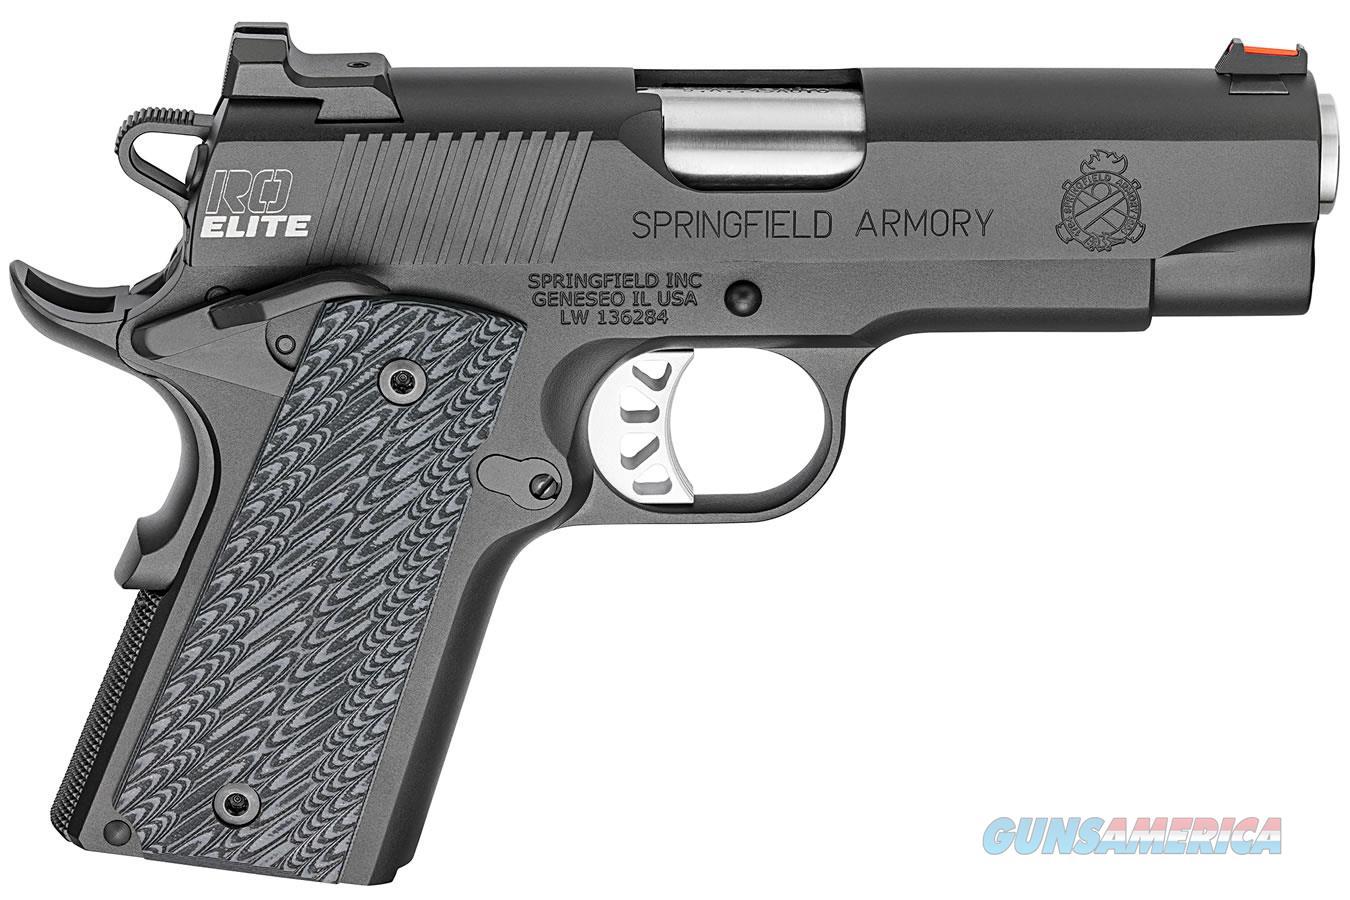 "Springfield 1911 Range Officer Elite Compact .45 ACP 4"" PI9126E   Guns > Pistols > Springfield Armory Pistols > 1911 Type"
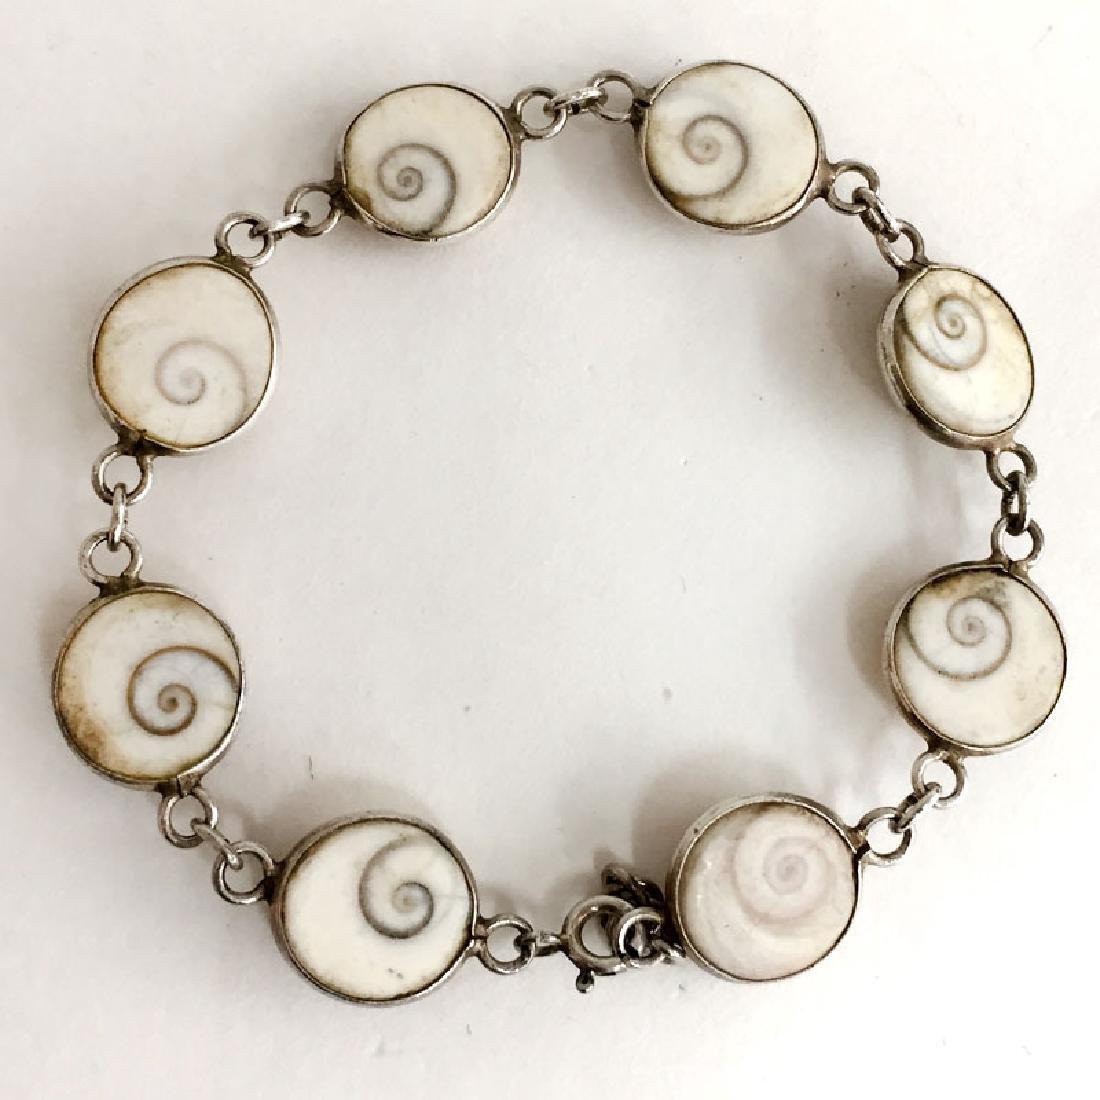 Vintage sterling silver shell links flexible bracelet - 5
^^^^^^^^
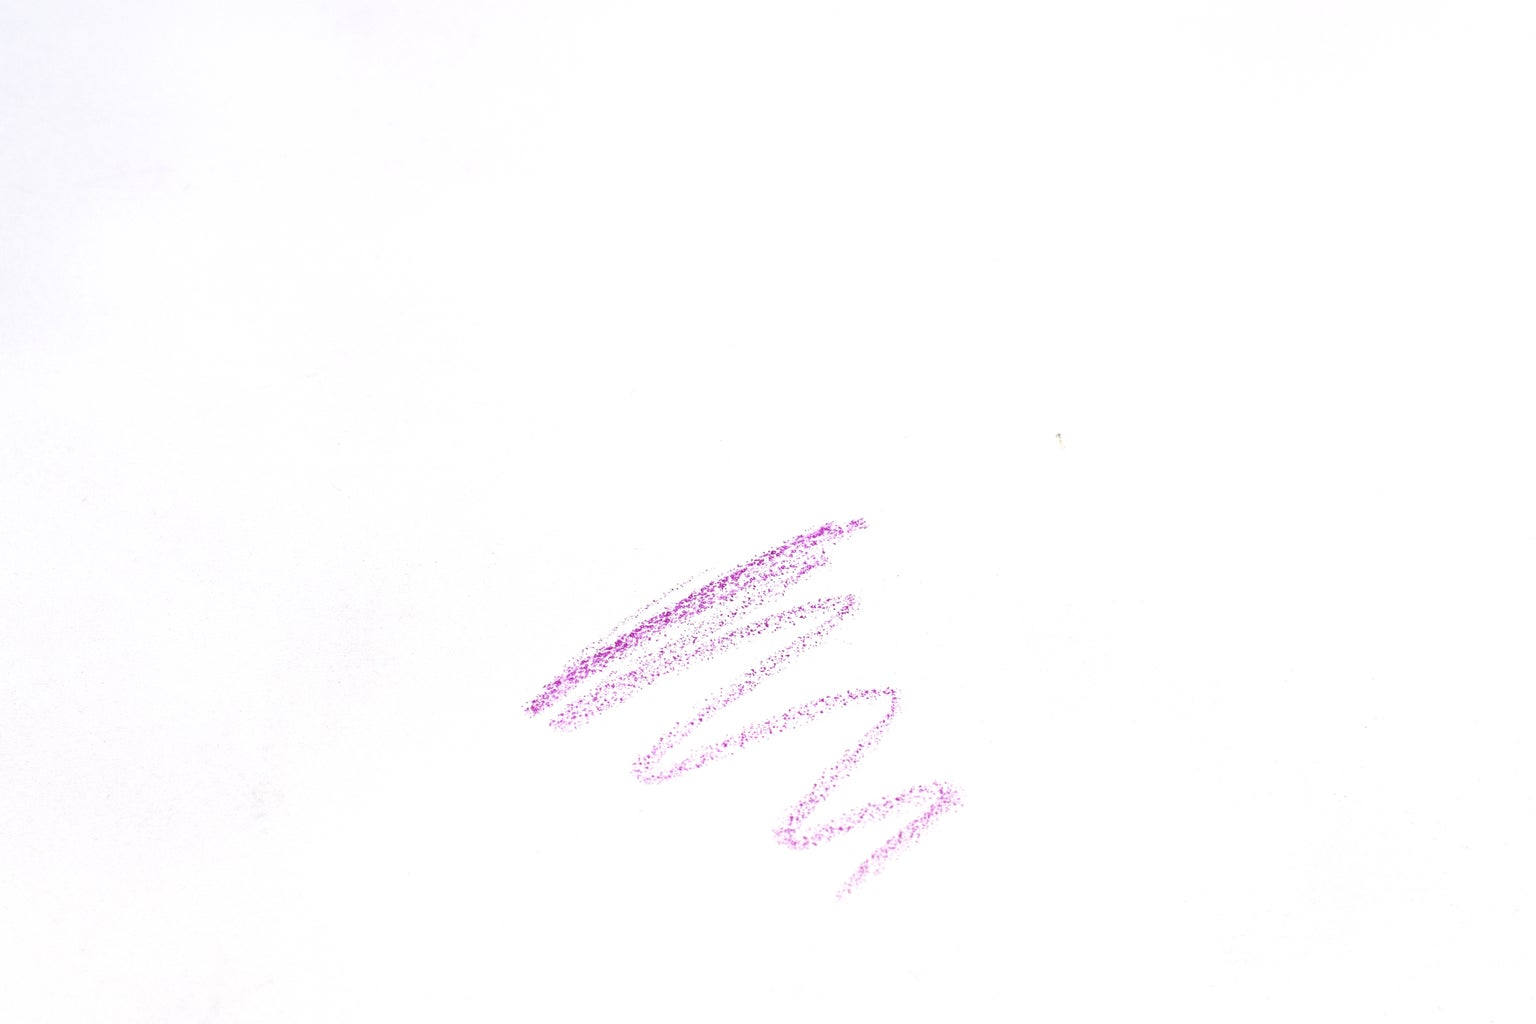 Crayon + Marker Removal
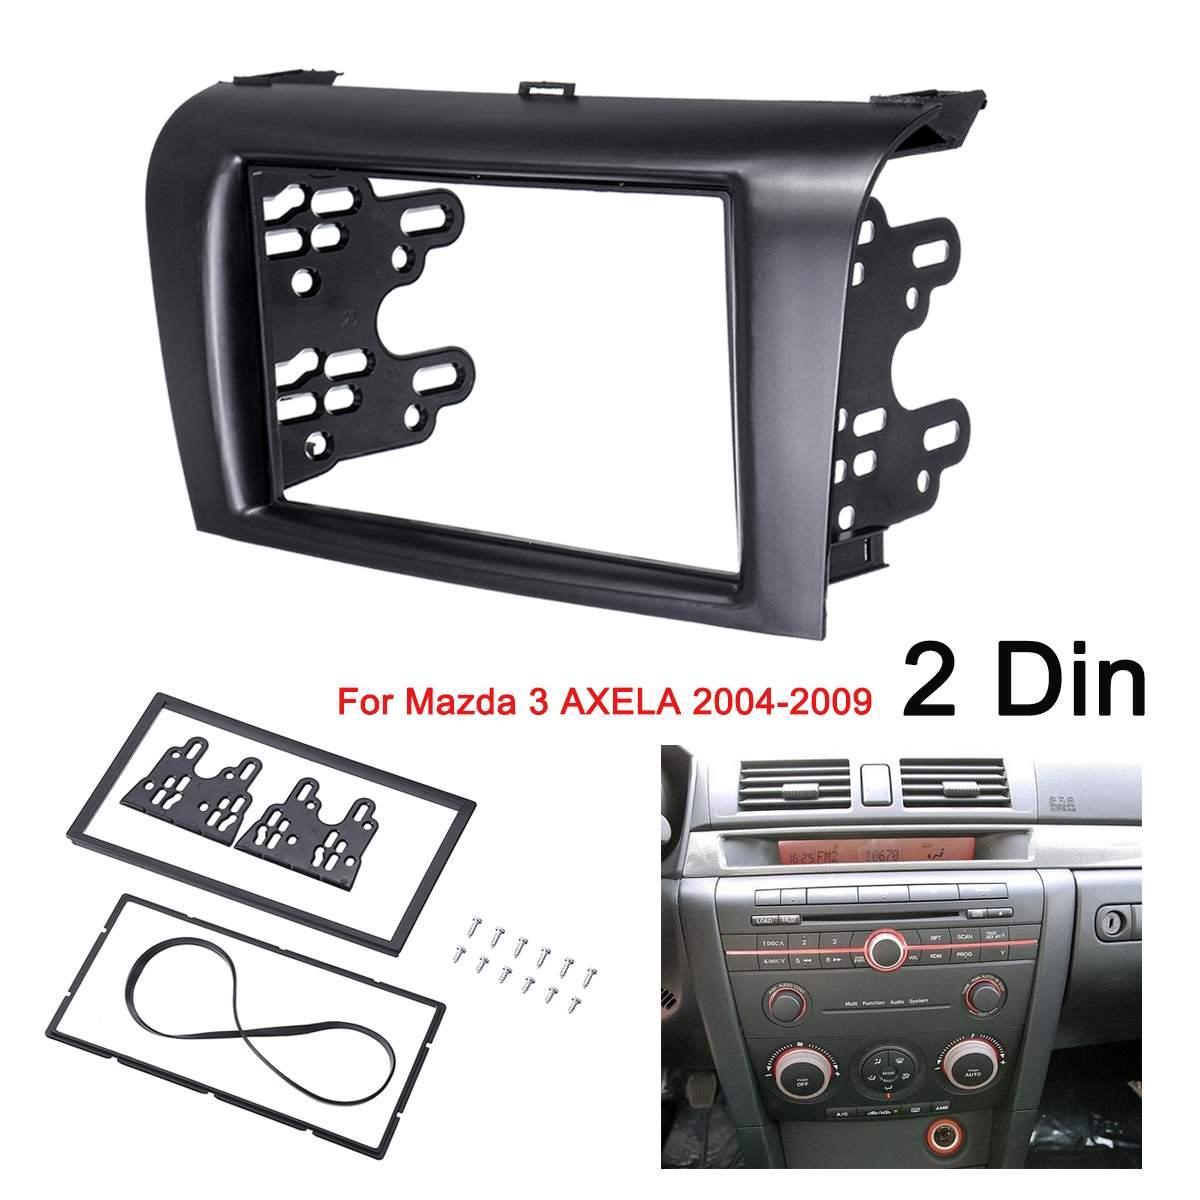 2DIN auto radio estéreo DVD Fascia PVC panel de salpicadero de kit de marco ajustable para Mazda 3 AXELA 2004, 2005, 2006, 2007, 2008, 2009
^^^^^^^^
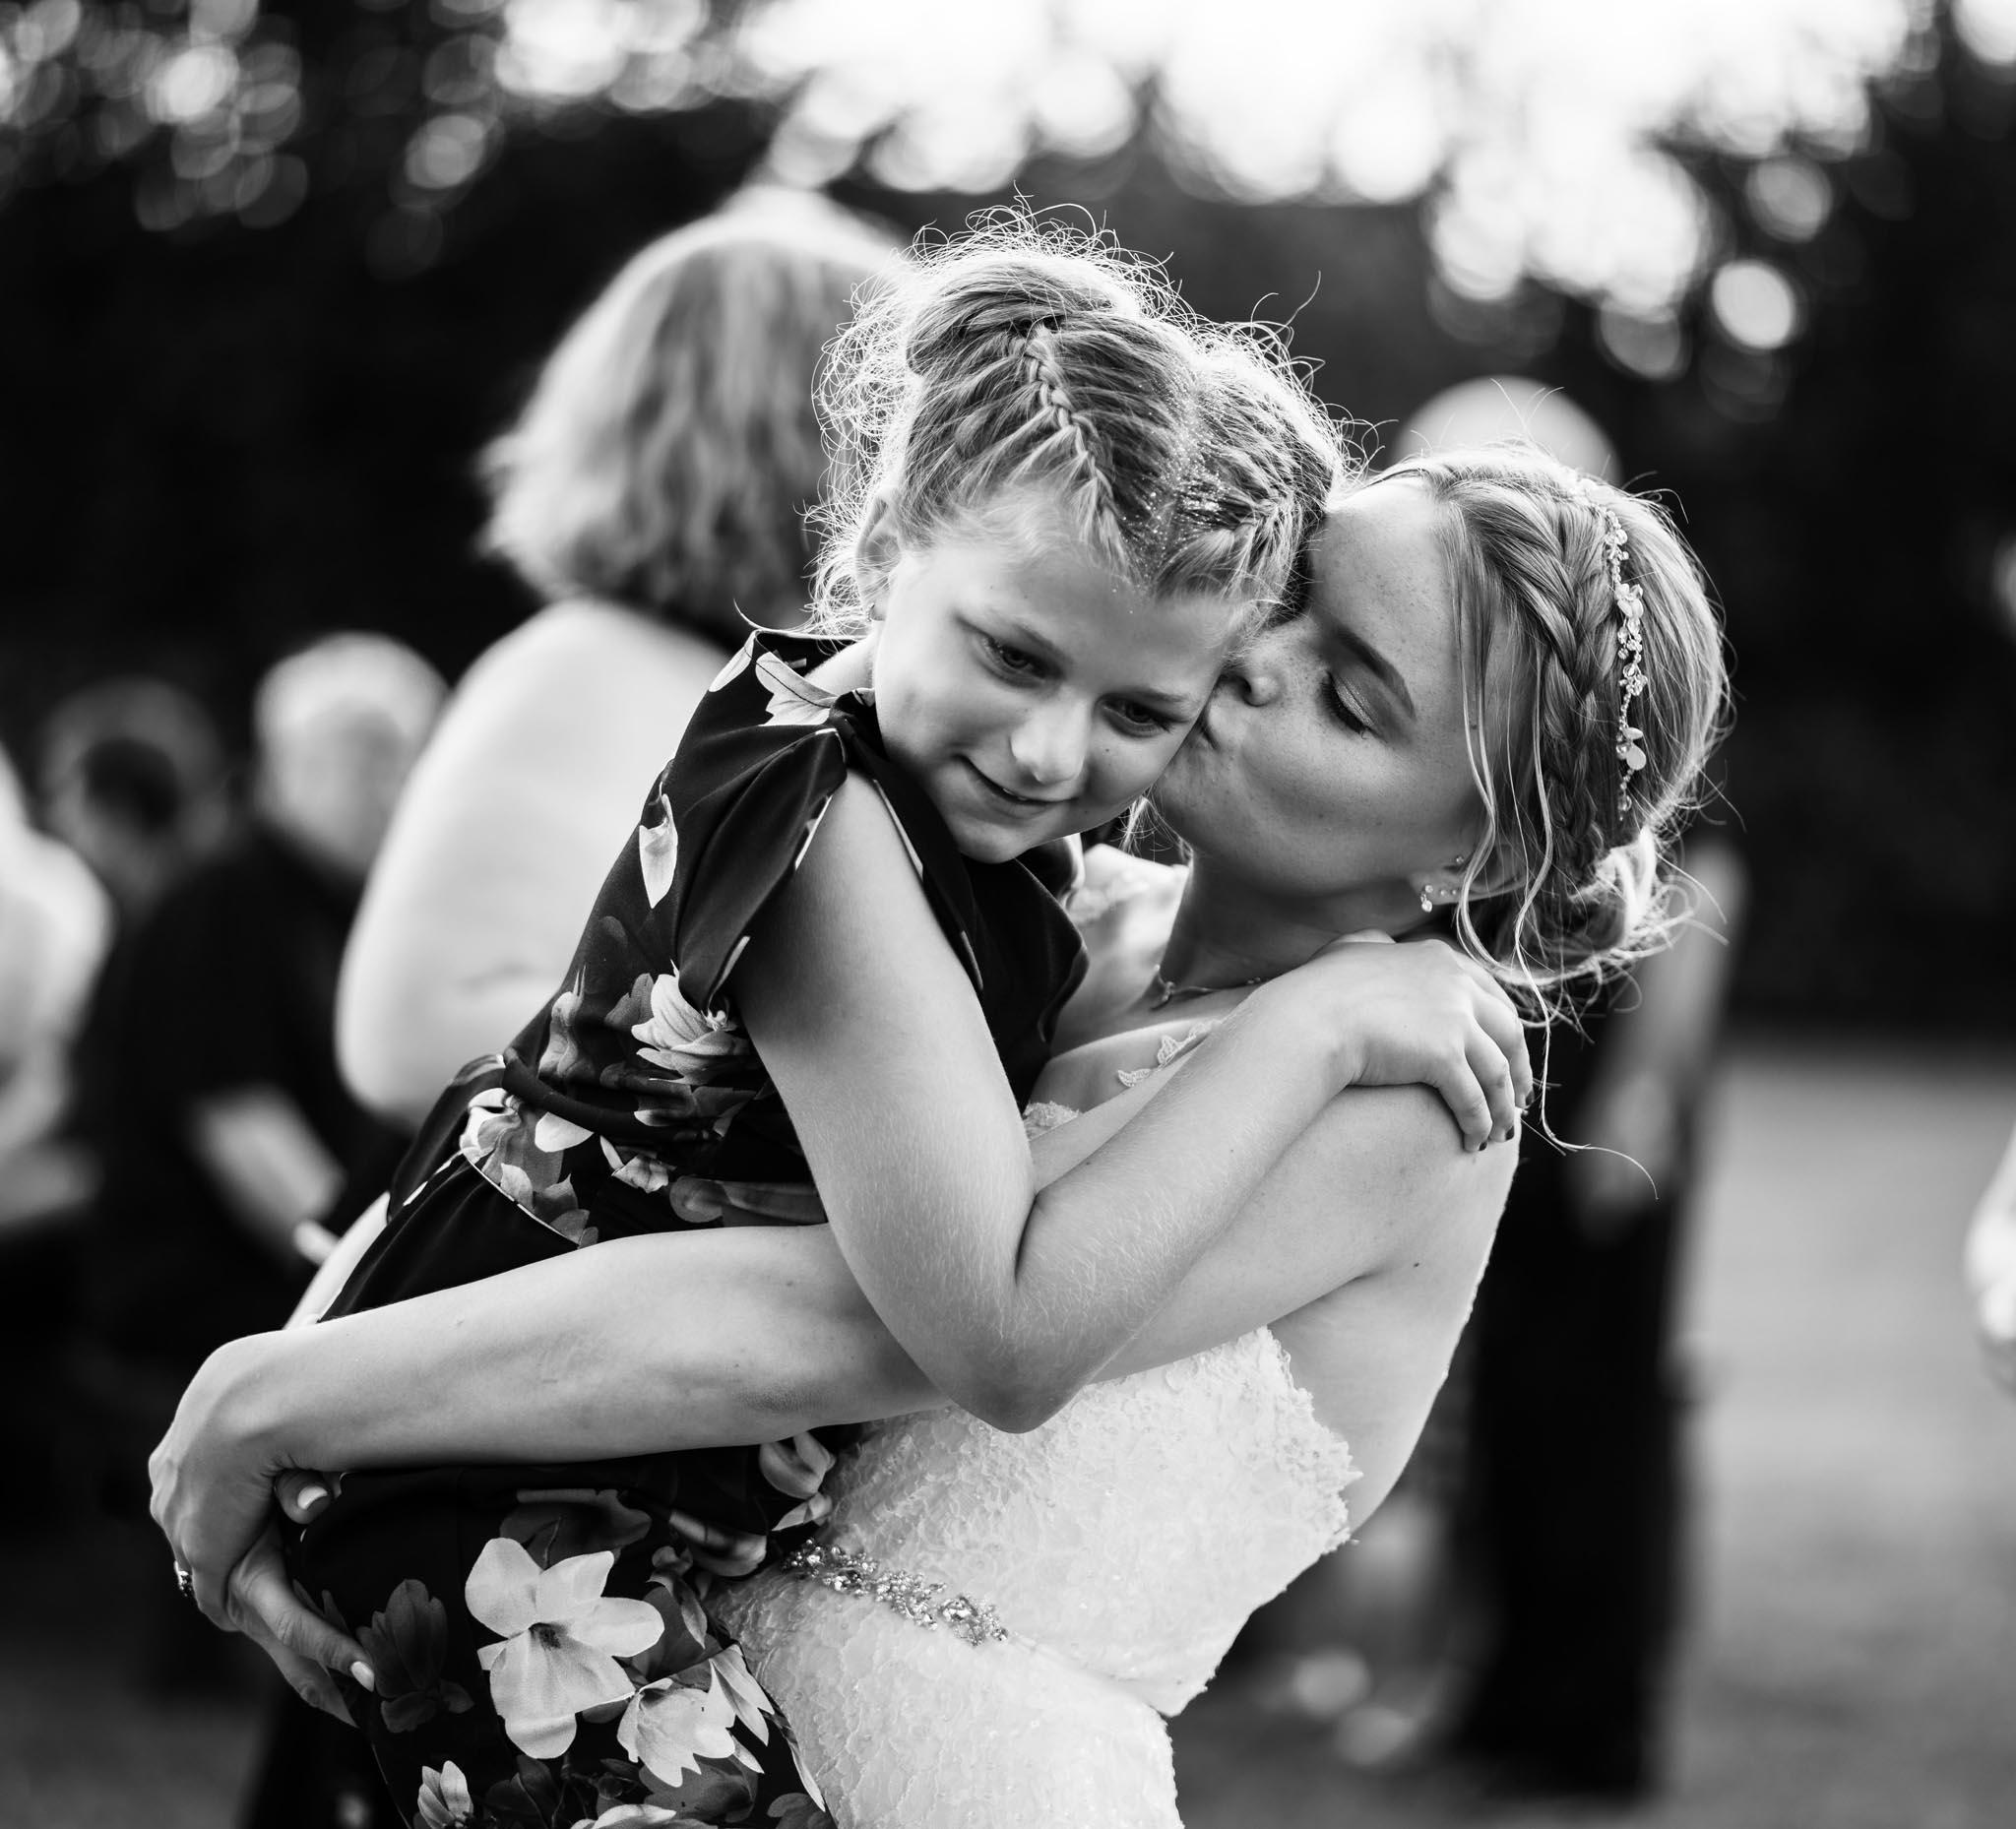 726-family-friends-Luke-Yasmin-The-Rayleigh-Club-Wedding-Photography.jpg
^^^^^^^^
TASK
Out of the records above, please copy exactly the lines from the line with "1911 Range Officer" up to and including the line with "Vintage sterling silver", minus the pictures.

ANSWER SPACE
 "Springfield 1911 Range Officer Elite Compact .45 ACP 4"" PI9126E   Guns > Pistols > Springfield Armory Pistols > 1911 Type"
 Vintage sterling silver shell links flexible bracelet - 5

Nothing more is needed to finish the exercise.